The Ultimate Health & Shield Tracker
Tutorial beginner compiles

The Ultimate Health & Shield Tracker

Updated beginner Code verified

The Ultimate Health & Shield Tracker

Have you ever wanted to know exactly how much health or shield a player has left? Or maybe you want to know who eliminated whom? In this tutorial, we will build a simple HUD (Heads-Up Display) for Fortnite Creative. We will use Verse to track player stats in real-time. It is like giving your island a superpower!

What You'll Learn

  • How to listen for player elimination events.
  • How to give rewards like health or materials on elimination.
  • How to use Verse to manage game state safely.
  • How to display simple feedback to players.

How It Works

Imagine you are playing a game of tag. When you tag someone, they are "it." In Fortnite, when someone loses all their health or shields, they are "eliminated."

We need two things to make this work:

  1. The Trigger: A way to know when a player is eliminated.
  2. The Reward: A way to give the winner points, health, or materials.

In UEFN (Unreal Editor for Fortnite), we have special devices called Player Spawners and Trackers. Think of a Player Spawner as a starting line. Think of a Tracker as a scoreboard that counts how many times a specific player gets eliminated.

However, we want to go further. We want to write code that changes the game. We will use Verse to listen for the "Elimination" event. When it happens, we will add health or shields to the winner. This is called an Event. An event is like a bell ringing. When the bell rings, we know something happened.

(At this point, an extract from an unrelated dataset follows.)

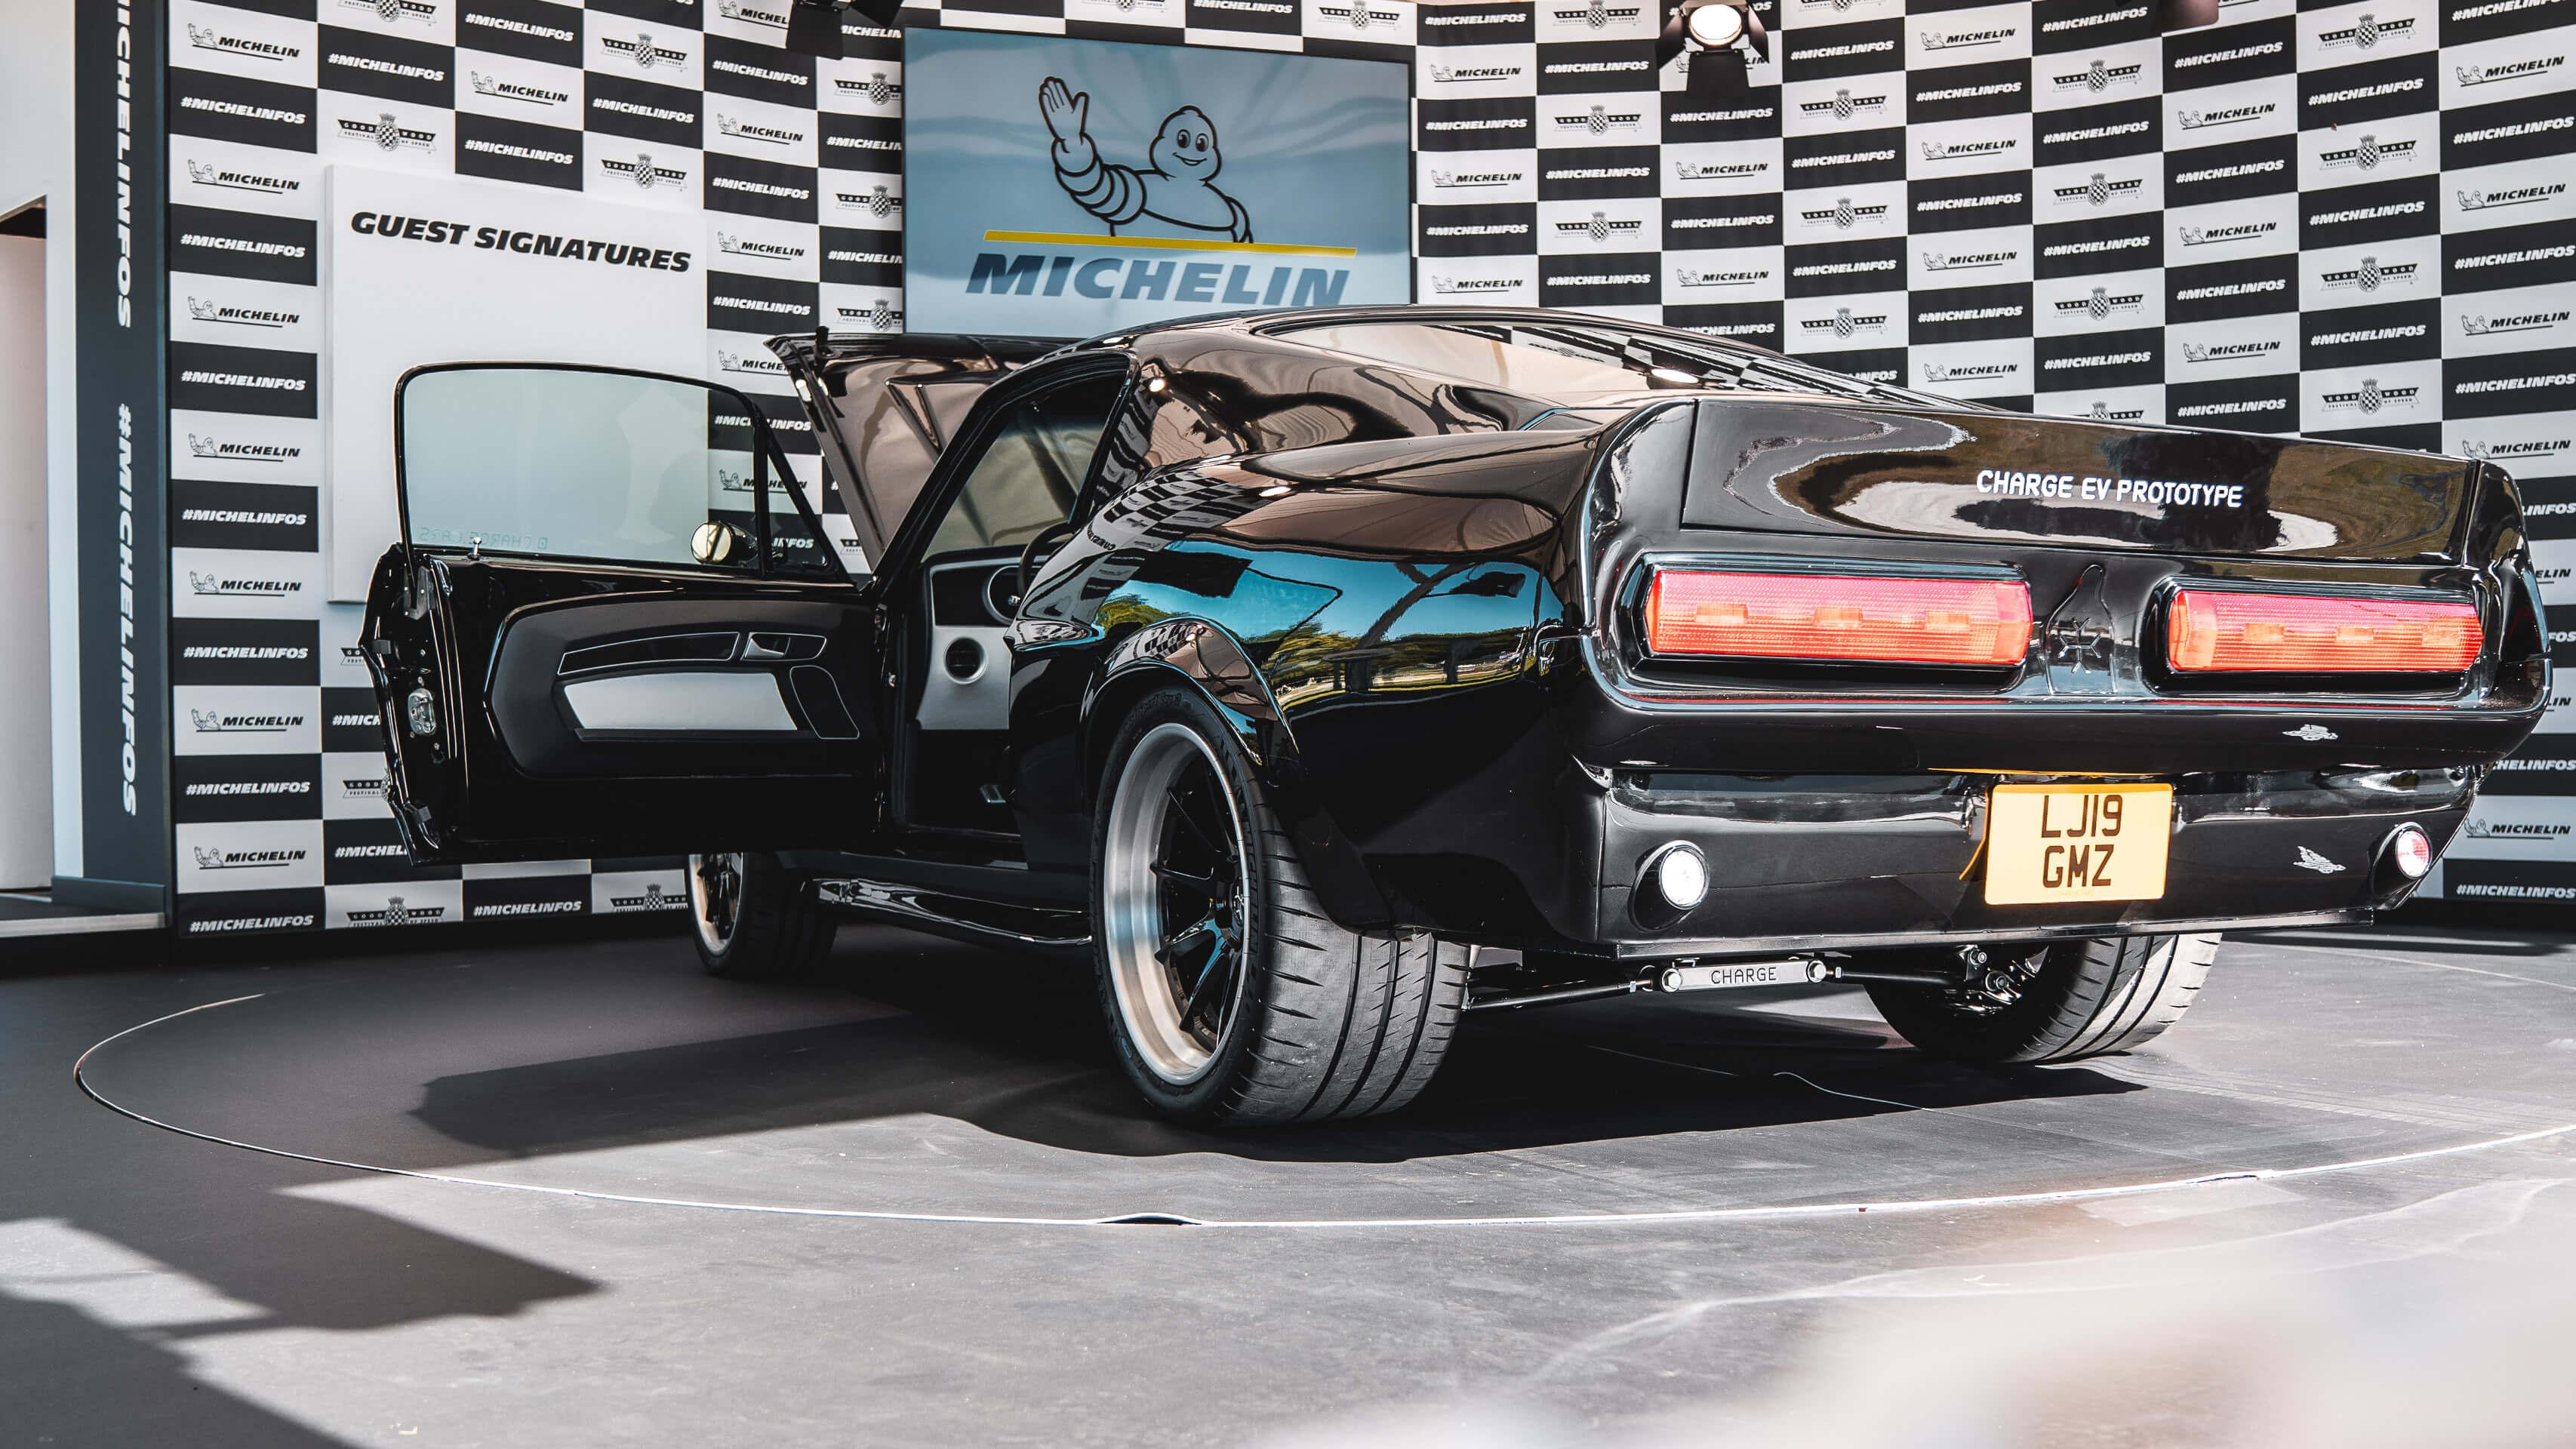 Im Rausch der Geschwindigkeit: Zu Besuch beim Goodwood Festival of Speed mit Michelin 15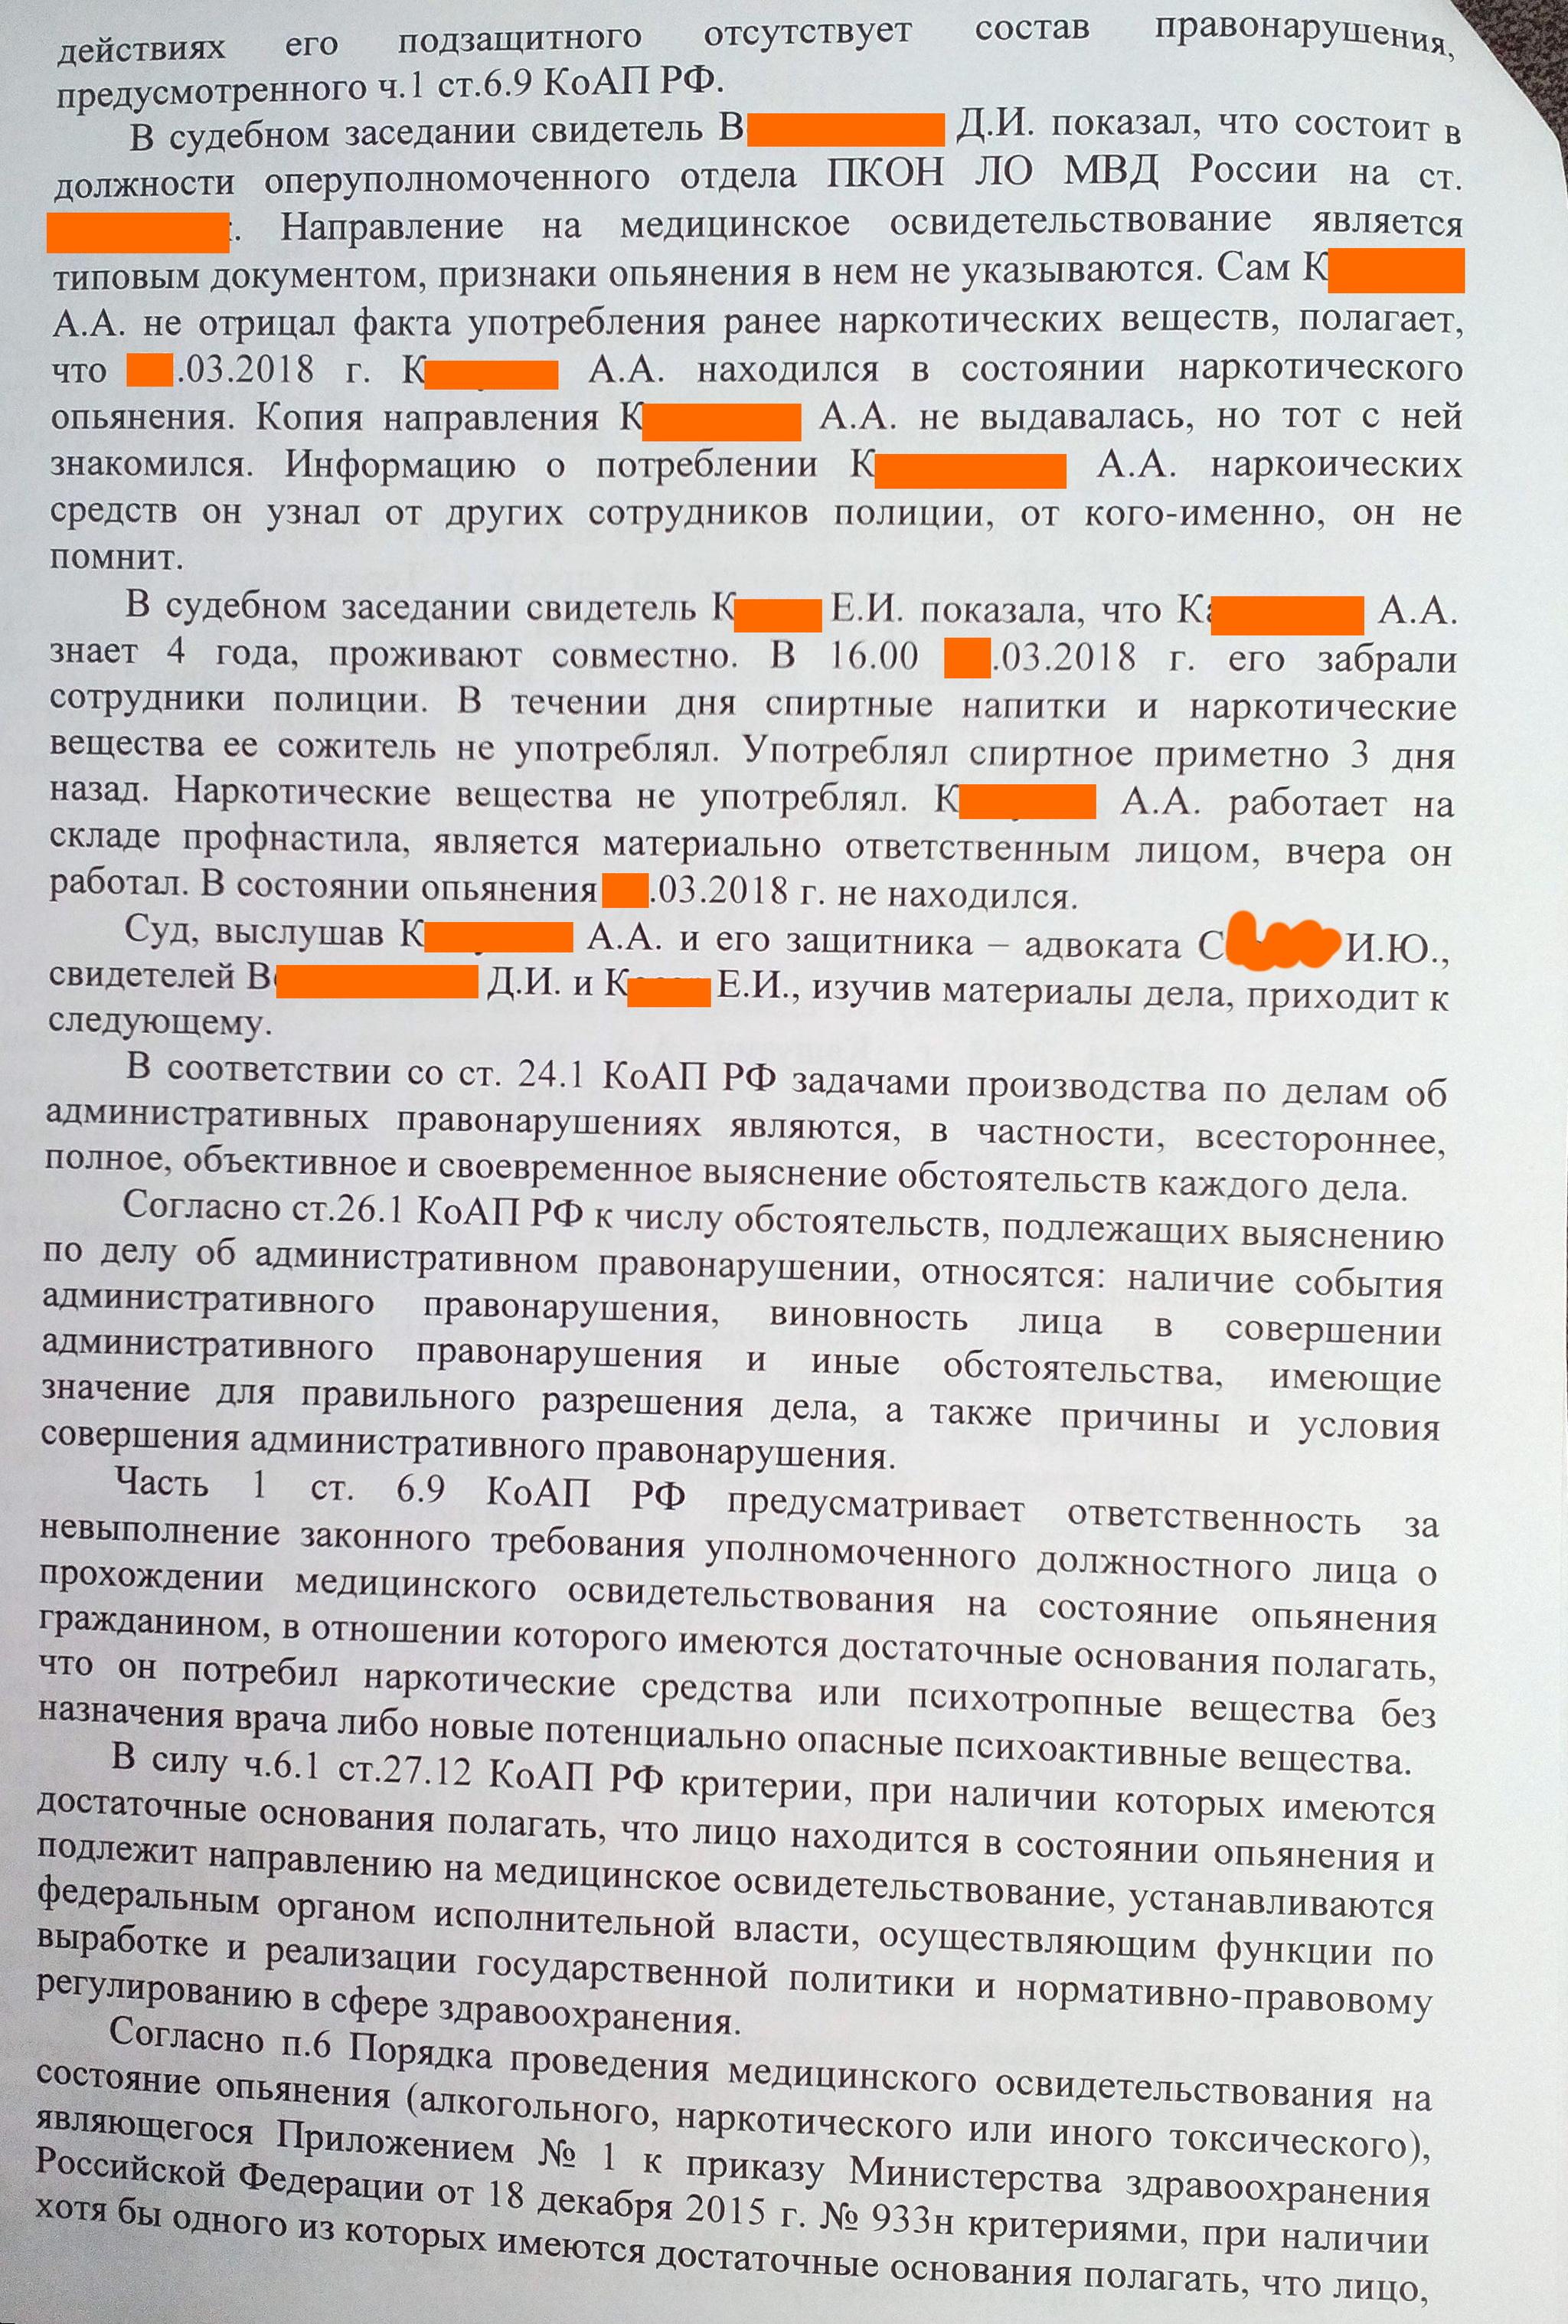 Природоохранная прокуратура 8 21 коап рф

We will also use Variables. A variable is a box that holds a value. For example, we might have a box labeled "Health Reward." Inside that box, we put the number 25. Every time the bell rings, we take 25 out of the box and add it to the winner's health.

Let's build a system where eliminating another player gives you a small boost of health!

Let's Build It

We will create a Verse script that listens for eliminations. When a player eliminates another player, they get 25 health.

Step 1: Set Up Your Island

  1. Open UEFN and create a new island.
  2. Add two Player Spawners to the map. Name them "Spawner 1" and "Spawner 2".
  3. Place them far apart so players don't fight immediately.

Step 2: Write the Verse Code

Create a new Verse file in your project. Copy and paste the code below. This code is safe and uses real Verse syntax.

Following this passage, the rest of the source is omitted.